Partition events by time (DB partitioning) for long-term retention.
Add backpressure and rate-limiting on ingestion endpoint.
Implement retention policies: raw events older than X months archived to S3 or removed.
10 — Security considerations (you must be able to discuss these)
Secure ingestion: require API keys + TLS. Authenticate agents.
Input validation & deny-listing for event payloads to avoid injection.
Protect stored sensitive data: if events include PII, encrypt details column at rest
(Transparent DB encryption or application-level encryption).
RBAC: only certain roles can view sensitive fields or create rules.
Audit all admin actions in audit_log.
Secrets management: use environment variables or a secret manager; do not commit keys.
11 — Testing strategy
Unit tests for rule logic (JUnit + Mockito). Example: simulate N failed logins and assert alert created.
Integration tests: start Spring context + embedded DB, simulate ingestion → rule evaluation → alert.
E2E tests: dry-run with a small dataset and assert reports endpoints produce expected aggregates.
12 — Observability & metrics
Expose Prometheus metrics: events_ingested_total, alerts_created_total, rule_eval_latency_seconds.
Log structured messages (JSON) for pipeline debugging.
Add health endpoints and readiness/liveness probes.
13 — Minimal viable implementation (MVP) — what to build first
Spring Boot app with JWT auth and a simple admin user.

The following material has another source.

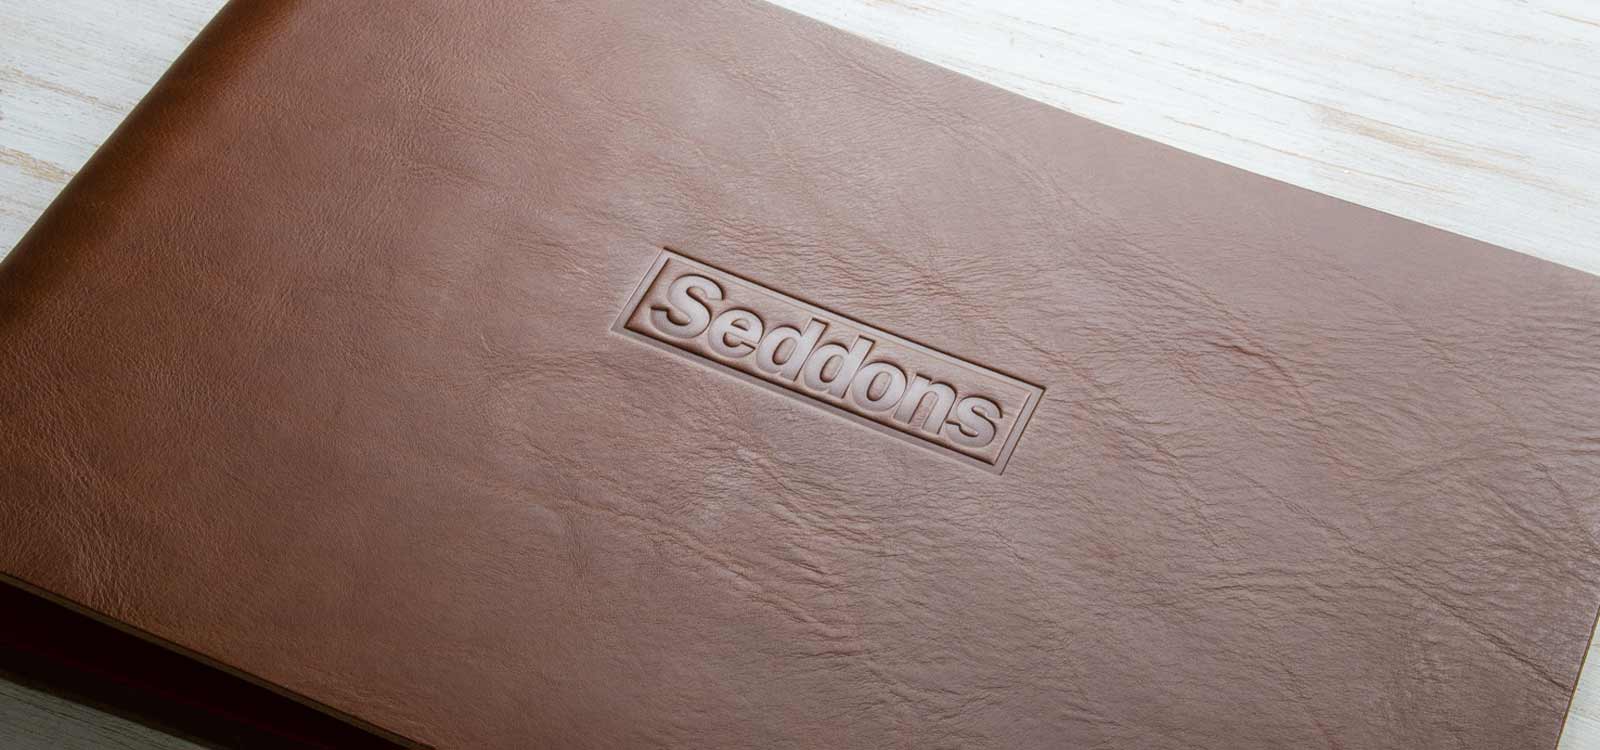 custom leather presentation portfolio screw post binder a3 landscape embossed personalised cover made bespoke by hartnack and co

POST /events to store events in Postgres.
One rule (failed logins threshold) implemented synchronously (no queue) using Redis counters.
GET /alerts to view alerts.
Basic unit/integration tests and Dockerfile.
14 — Progressive enhancements Outline
Week 1: Project scaffolding, auth, events table, ingest endpoint, simple UI.
Week 2: Implement threshold rule (Redis), create alerts storing, list alerts endpoint, unit tests.
Week 3: Add rule management APIs, deduplication, basic email alerts (SMTP).
Week 4: Add GeoIP anomaly detection, integrate free GeoIP DB, build report endpoints.
Week 5: Introduce queue (RabbitMQ) to async rule processing; add Redis metrics.
Week 6: Add audit logs, RBAC, more rule types; Dockerize; add CI pipeline.
Week 7–8: Add Elasticsearch , advanced behavioral detectors, deploy to cloud, prepare demo & README.